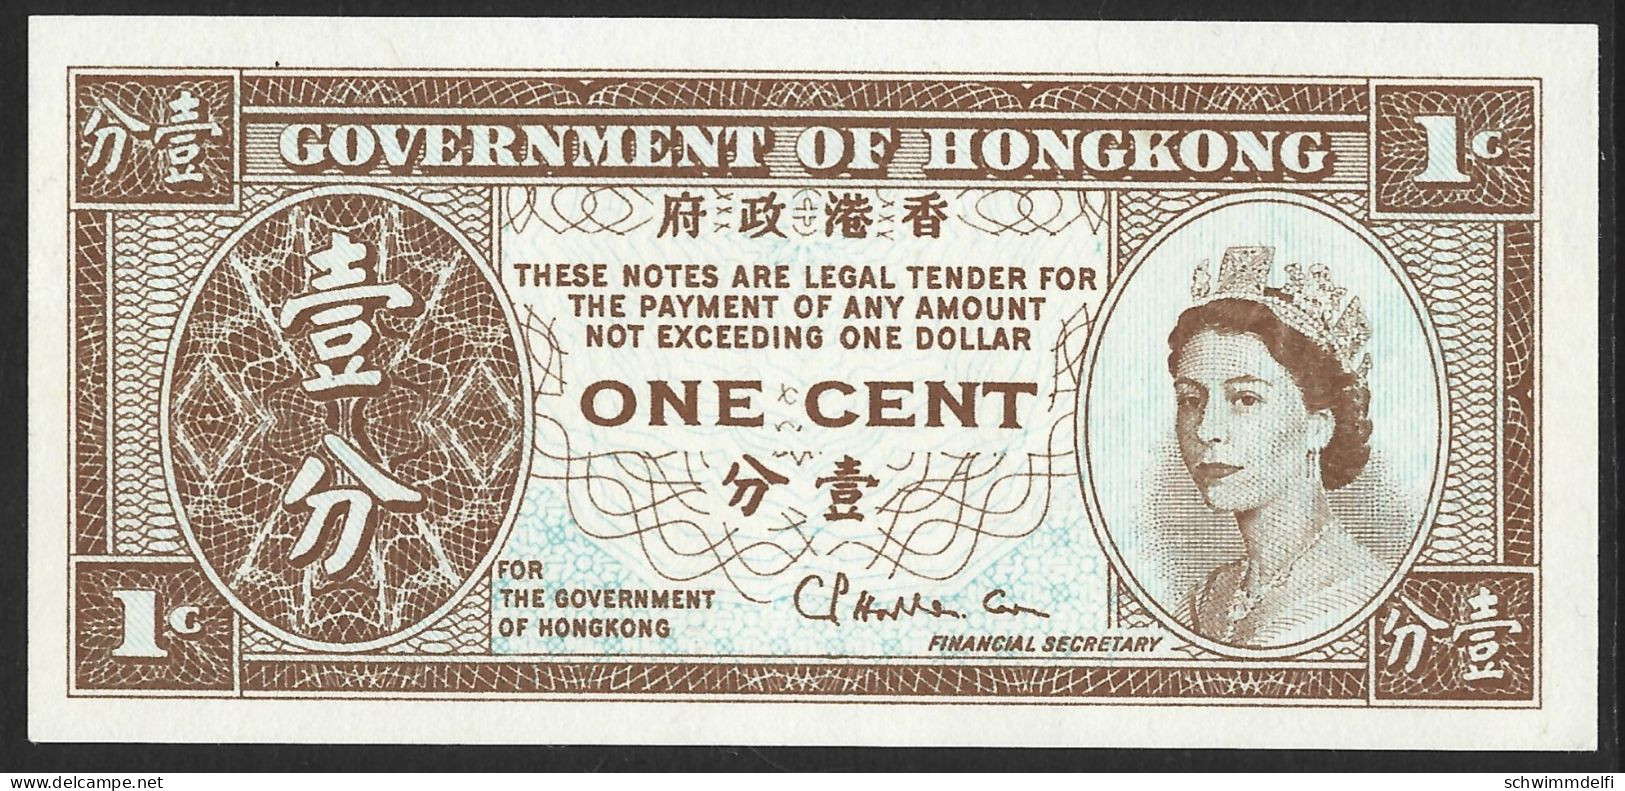 HONGKONG - HONG KONG - 1 CENT 1961 - 71 - PICK: 325 - PAPEL - IMPRIMIR DE UN LADO - SIN CIRCULAR - UNZIRKULIERT - Hongkong
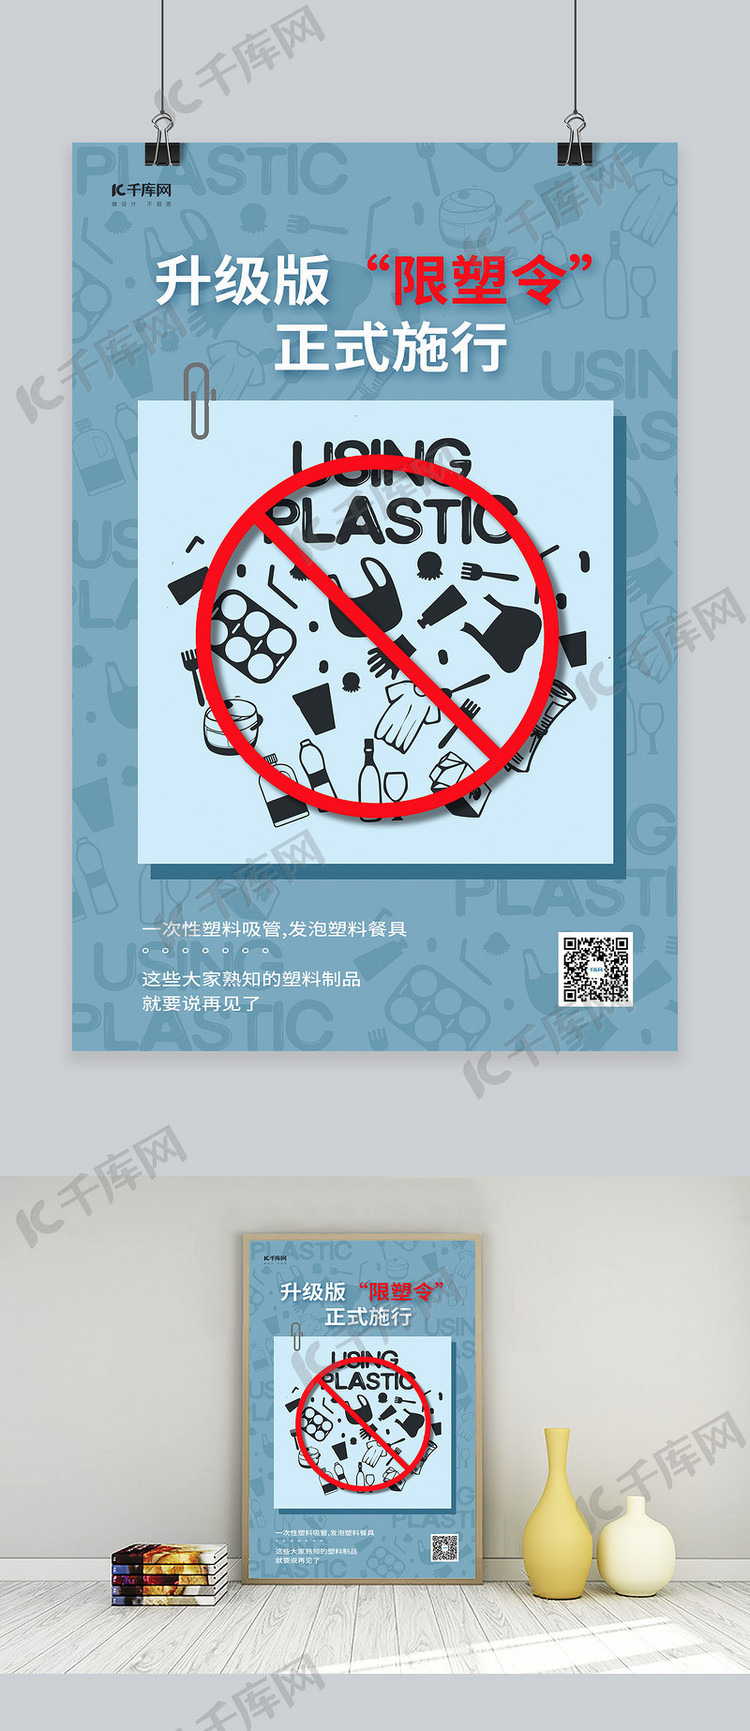 限塑令拒绝塑料抵制塑料 浅色系简约海报
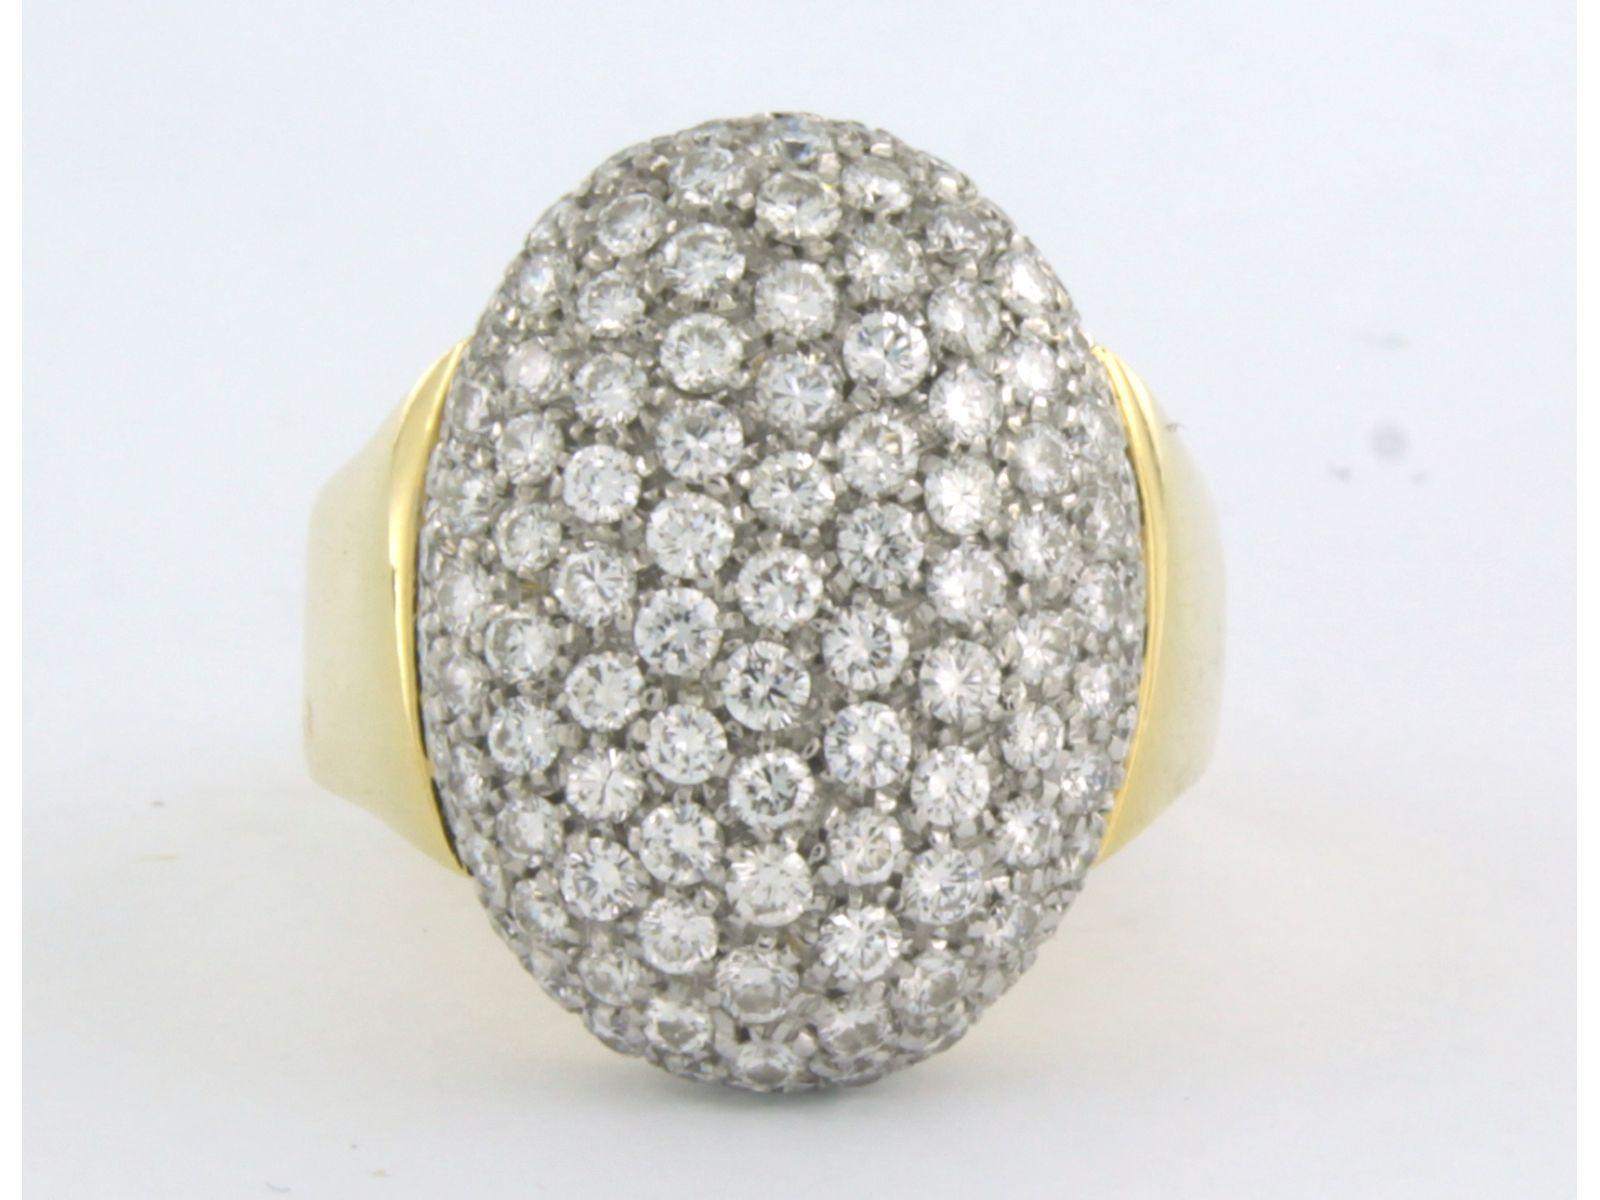 Bicolor-Ring aus 18 Karat, besetzt mit Diamanten im Brillantschliff bis zu 2,50 ct - F/G - VS/SI - Ringgröße U.S. 9,25 - EU.19,25 (61)

ausführliche Beschreibung

die Oberseite des Rings ist 2.1 cm breit

Gewicht 9,2 Gramm

Ringgröße US 9.25 -
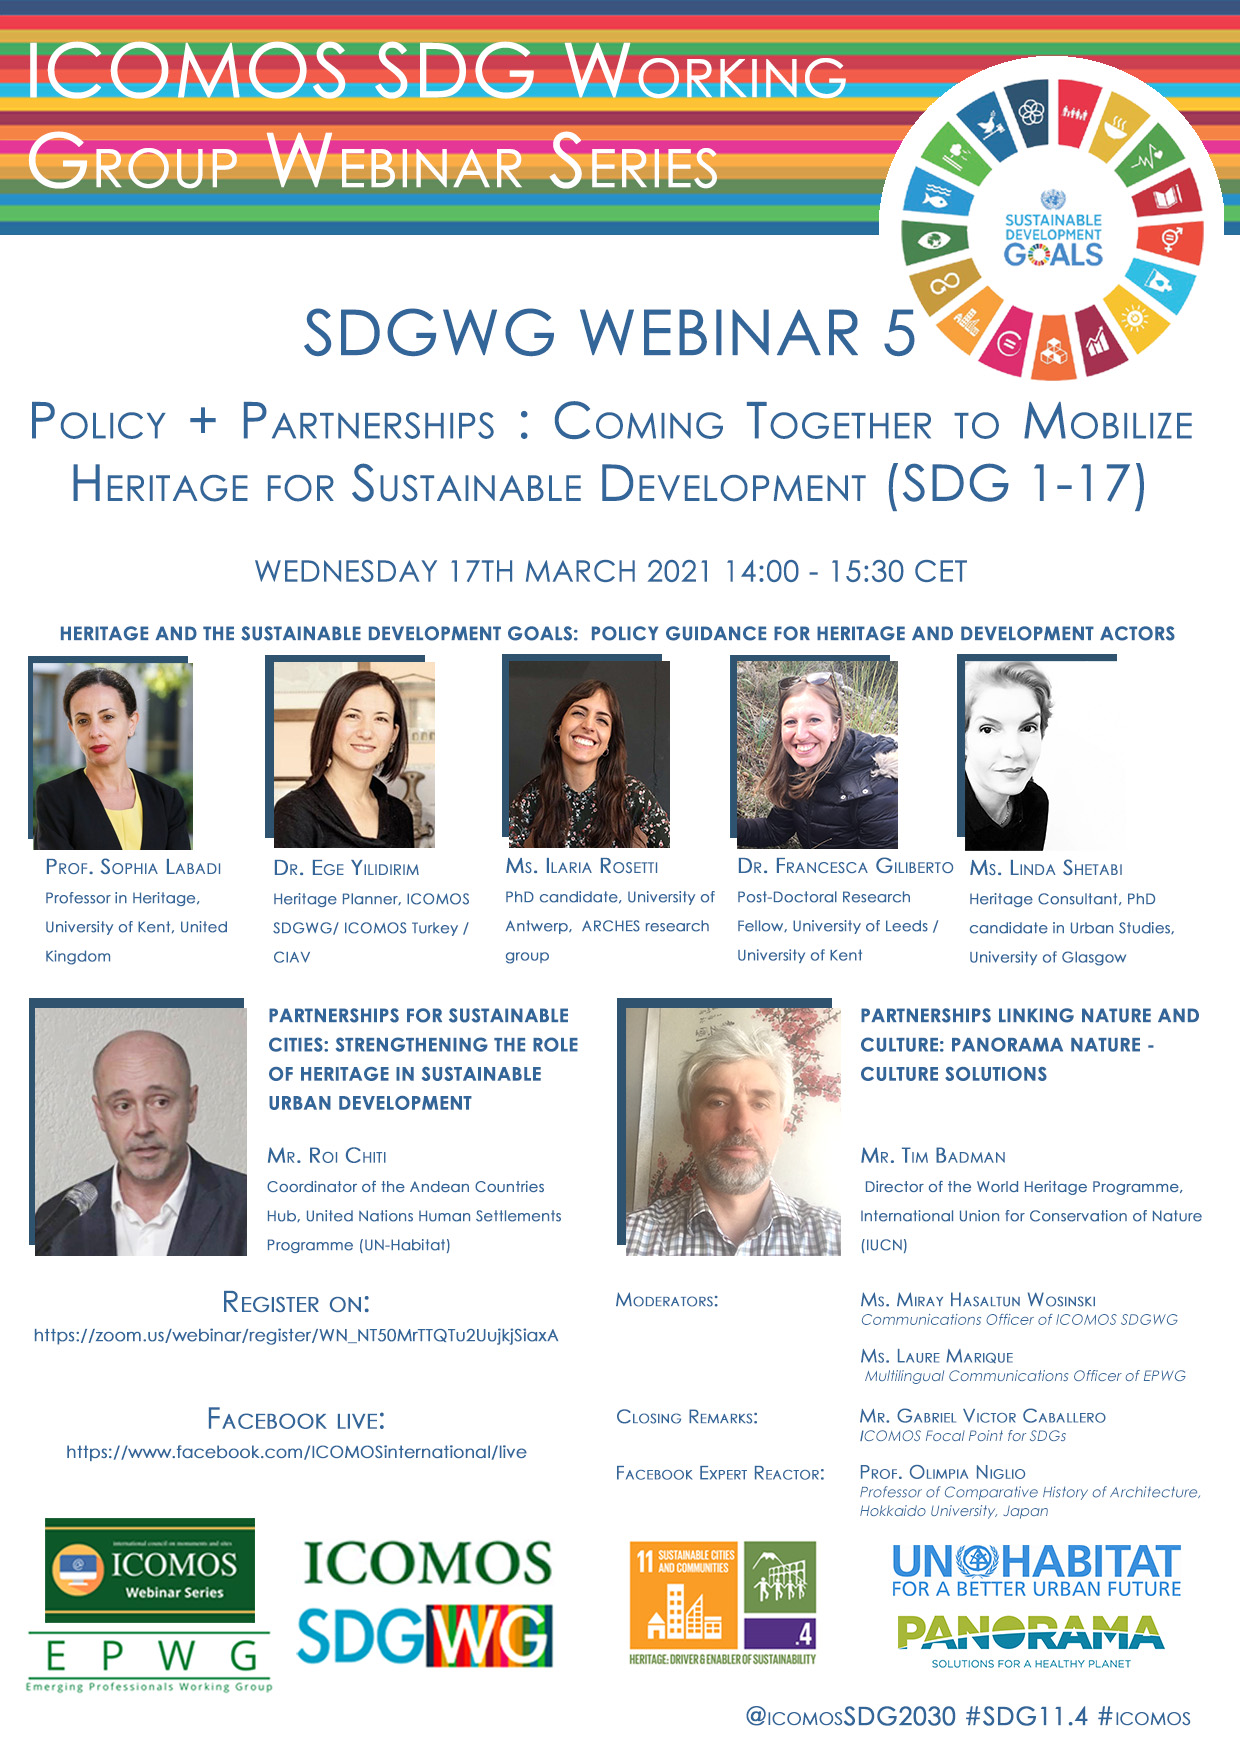 ENG SDGWG webinar5 poster
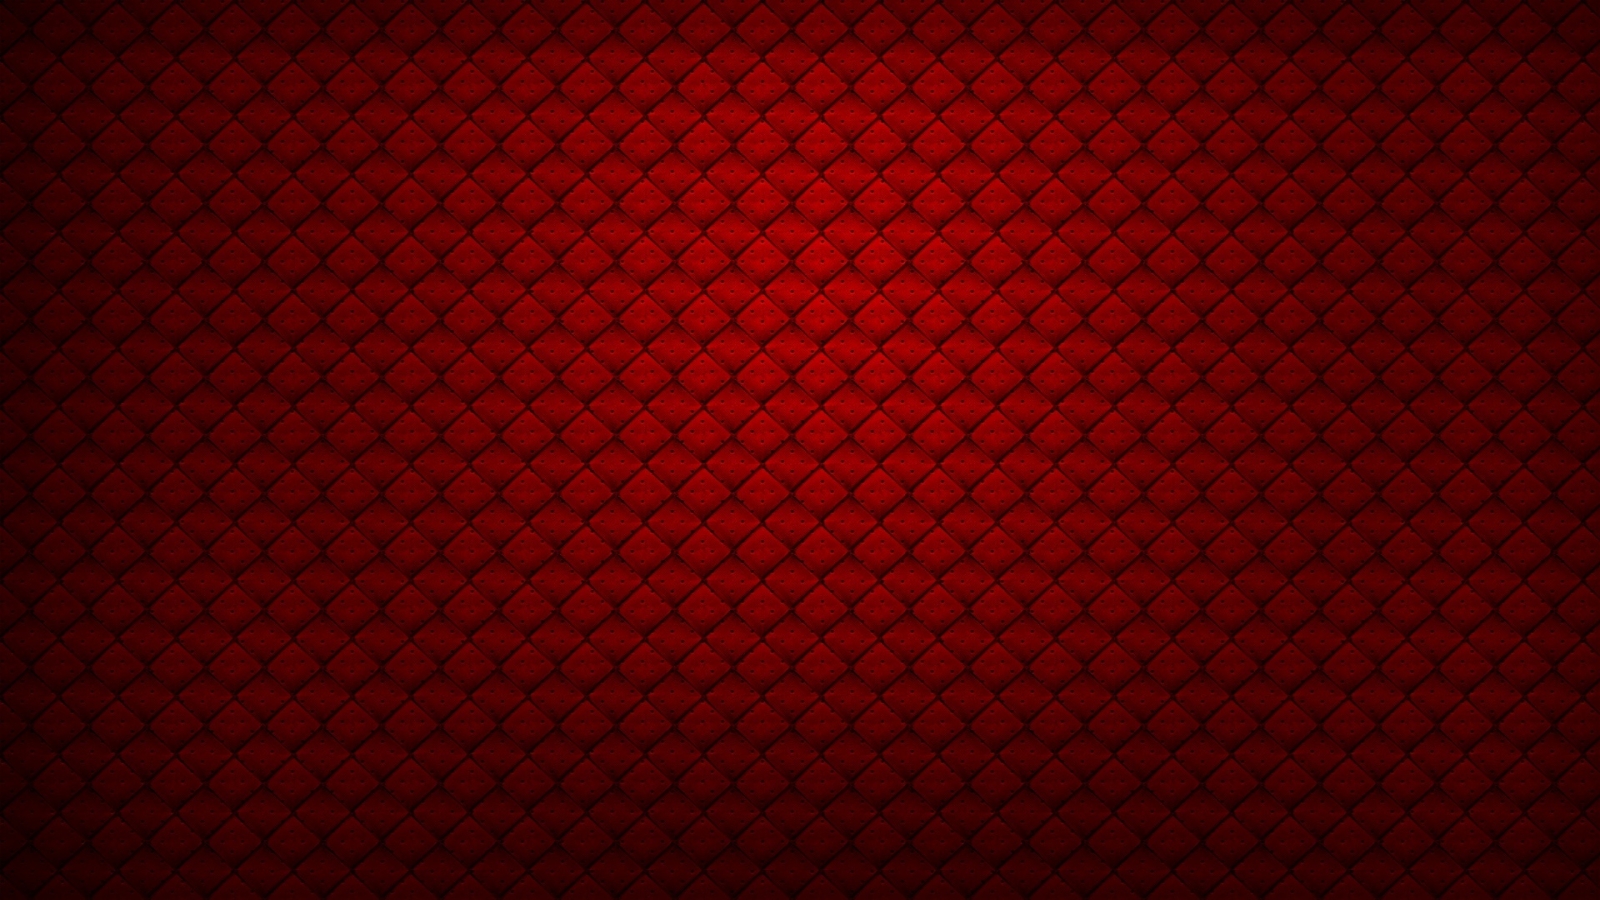 Still In Red X HDtv Wallpaper

══════════════════════════════

> [TASK DIRECTIONS]
Repeat the lines from the line containing "限塑令拒绝塑料抵制塑料 浅色系简约海报" through the end of the material above exactly, with no pictures and nothing else.

> [ANSWER BOX]
 限塑令拒绝塑料抵制塑料 浅色系简约海报
 Bicolor-Ring aus 18 Karat, besetzt mit Diamanten im Brillantschliff bis zu 2,50 ct - F/G - VS/SI - Ringgröße U.S. 9,25 - EU.19,25 (61)

ausführliche Beschreibung

die Oberseite des Rings ist 2.1 cm breit

Gewicht 9,2 Gramm

Ringgröße US 9.25 -
 ENG SDGWG webinar5 poster
 Still In Red X HDtv Wallpaper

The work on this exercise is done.